Naming Conventions Matter Too
We also standardized test names.
Instead of:
Test Payment
we wrote:
Authorize payment with expired card
Instead of:
User API
we wrote:
Create customer with duplicate email
Searching became dramatically easier.
Intent became obvious.
A Working Folder Tree from One of Our Services
Here's a simplified version of the structure we've used successfully.
tests/
│
├── identity/
│ ├── authentication/
│ ├── authorization/
│ ├── users/
│ └── sessions/
│
├── catalog/
│ ├── products/
│ ├── categories/
│ └── pricing/
│
├── payments/
│ ├── authorization/
│ ├── capture/
│ ├── refunds/
│ ├── disputes/
│ └── settlement/
│
├── fulfillment/
│ ├── shipping/
│ ├── inventory/
│ └── warehouse/
│
└── shared/
├── fixtures/
├── helpers/
├── authentication/
└── utilities/
Notice what's missing.
There's no:
GET Tests
POST Tests
PUT Tests
DELETE Tests
HTTP methods don't define business intent.
Capabilities do.
How Tags Fit Into This Structure
Every test still carries metadata.
Examples:
smoke
critical
contract
integration
nightly
pci
Now executing:
Smoke + Payments
or
Regression + Identity
becomes straightforward without changing the folder hierarchy.
Folders stay stable.
Execution remains flexible.
Scaling Beyond a Thousand Tests
One question often comes up:
"Will this still work when the suite grows?"
In my experience, yes.
Because domains evolve much more slowly than endpoints.
Endpoints may:
- Change versions
- Merge
- Split
- Be deprecated
Business capabilities rarely change as dramatically.

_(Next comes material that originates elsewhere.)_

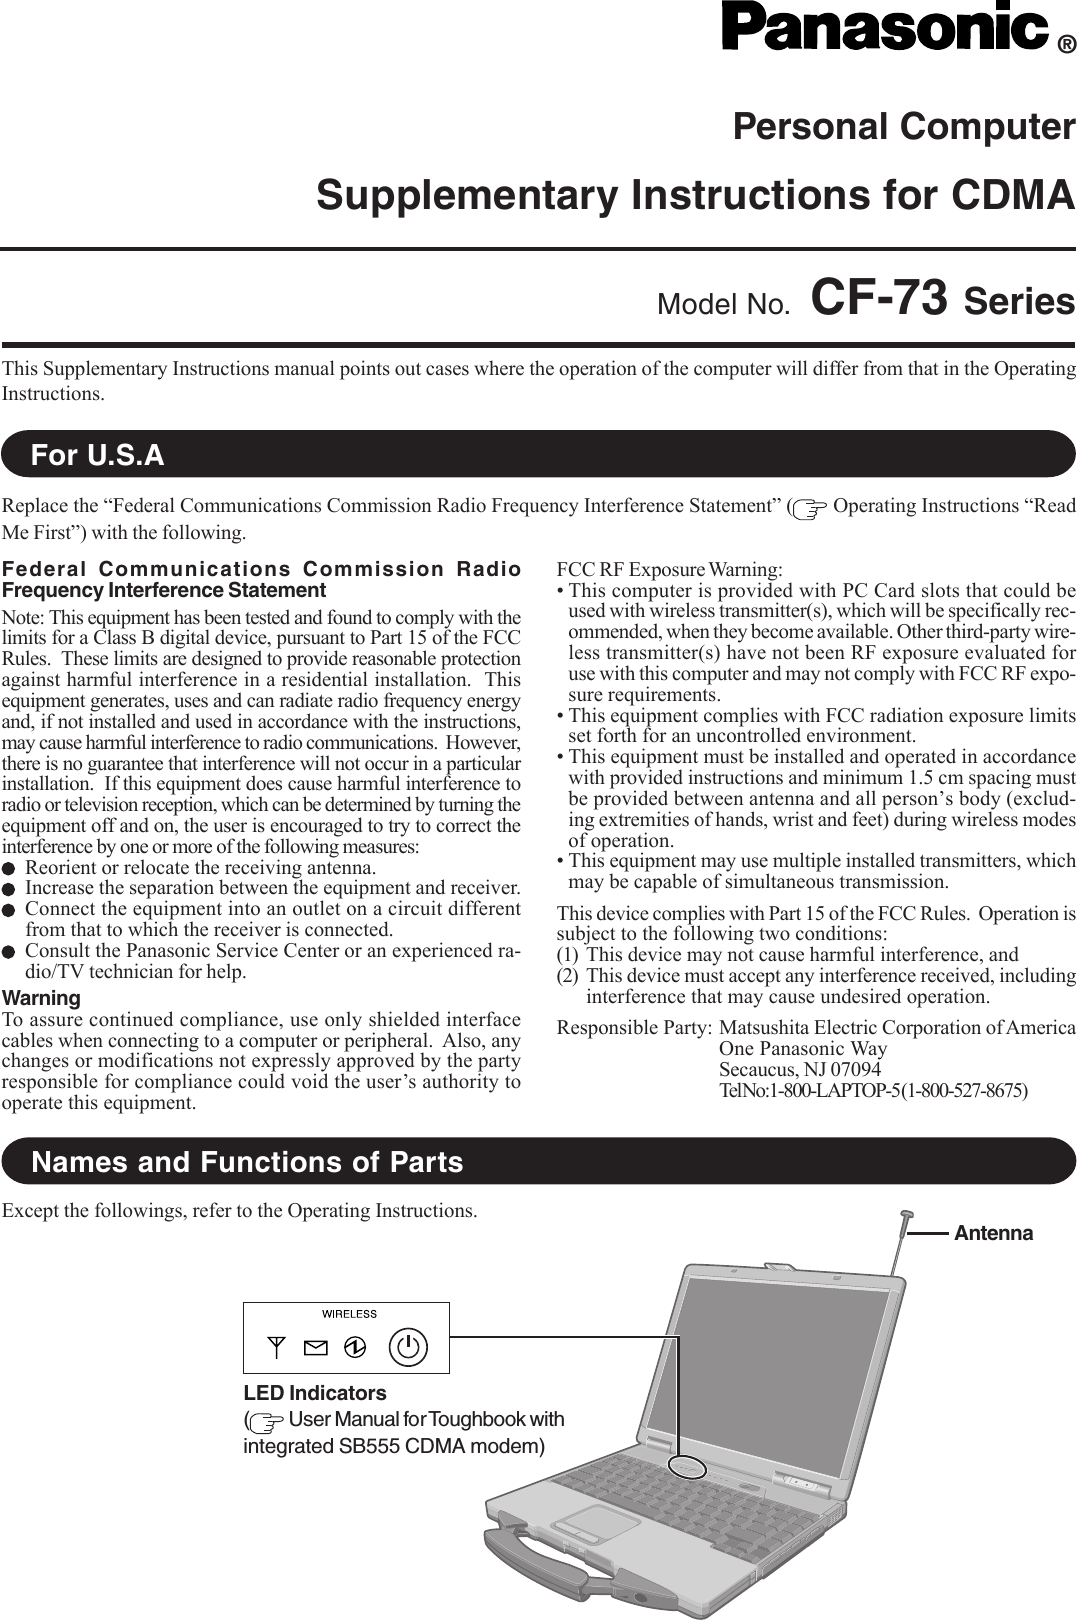 Personal ComputerSupplementary Instructions for CDMAThis Supplementary Instructions manual points out cases where the operation of the computer will differ from that in the OperatingInstructions.®Model No. CF-73 SeriesReplace the “Federal Communications Commission Radio Frequency Interference Statement” (  Operating Instructions “ReadMe First”) with the following.For U.S.ANames and Functions of PartsFederal Communications Commission RadioFrequency Interference StatementNote: This equipment has been tested and found to comply with thelimits for a Class B digital device, pursuant to Part 15 of the FCCRules.  These limits are designed to provide reasonable protectionagainst harmful interference in a residential installation.  Thisequipment generates, uses and can radiate radio frequency energyand, if not installed and used in accordance with the instructions,may cause harmful interference to radio communications.  However,there is no guarantee that interference will not occur in a particularinstallation.  If this equipment does cause harmful interference toradio or television reception, which can be determined by turning theequipment off and on, the user is encouraged to try to correct theinterference by one or more of the following measures:Reorient or relocate the receiving antenna.Increase the separation between the equipment and receiver.Connect the equipment into an outlet on a circuit differentfrom that to which the receiver is connected.Consult the Panasonic Service Center or an experienced ra-dio/TV technician for help.WarningTo assure continued compliance, use only shielded interfacecables when connecting to a computer or peripheral.  Also, anychanges or modifications not expressly approved by the partyresponsible for compliance could void the user’s authority tooperate this equipment.FCC RF Exposure Warning:• This computer is provided with PC Card slots that could beused with wireless transmitter(s), which will be specifically rec-ommended, when they become available. Other third-party wire-less transmitter(s) have not been RF exposure evaluated foruse with this computer and may not comply with FCC RF expo-sure requirements.• This equipment complies with FCC radiation exposure limitsset forth for an uncontrolled environment.• This equipment must be installed and operated in accordancewith provided instructions and minimum 1.5 cm spacing mustbe provided between antenna and all person’s body (exclud-ing extremities of hands, wrist and feet) during wireless modesof operation.• This equipment may use multiple installed transmitters, whichmay be capable of simultaneous transmission.This device complies with Part 15 of the FCC Rules.  Operation issubject to the following two conditions:(1) This device may not cause harmful interference, and(2) This device must accept any interference received, includinginterference that may cause undesired operation.Responsible Party: Matsushita Electric Corporation of AmericaOne Panasonic WaySecaucus, NJ 07094Tel No:1-800-LAPTOP-5 (1-800-527-8675)Except the followings, refer to the Operating Instructions.AntennaLED Indicators( User Manual for Toughbook withintegrated SB555 CDMA modem)

Organizations still process:
- Payments
- Orders
- Customers
- Products
The underlying APIs evolve.
The business domains remain recognizable.
That's why domain-driven structures continue to scale while endpoint-based structures often become cluttered.
Choosing the Right Strategy for Your Team
There isn't a universal folder structure that fits every organization.
However, there are a few principles that consistently produce maintainable test suites:
- Organize by business capability rather than individual endpoints.
- Use folders to express ownership and intent.
- Use tags to control execution and filtering.
- Avoid duplicating tests across multiple locations.
- Standardize naming conventions from the beginning.
- Keep shared utilities separate from business scenarios.
Most importantly, agree on these rules early.
Reorganizing fifty tests is easy.
Reorganizing two thousand tests usually becomes a months-long effort.
Final Thoughts
The way you organize your API test suite matters far more than most teams realize.
Poor organization doesn't become obvious at fifty tests.
It becomes obvious at five hundred.
By the time your suite reaches a few thousand tests, every structural decision either accelerates development or slows it down.
After experimenting with endpoint-based folders, tag-heavy approaches, and domain-driven organization, the hybrid model consistently delivered the best balance of discoverability, maintainability, and scalability.
Folders answer where a test belongs.
Tags answer how a test should run.
Keeping those responsibilities separate is what allowed our suite to grow from a few dozen tests to well over two thousand without becoming unmanageable.
If you're comparing API testing platforms, take a look at how Shift-Left API compares with Insomnia.
A well-organized test suite isn't just easier to navigate—it becomes easier to maintain, easier to scale, and ultimately far more valuable to the engineering team that depends on it every day.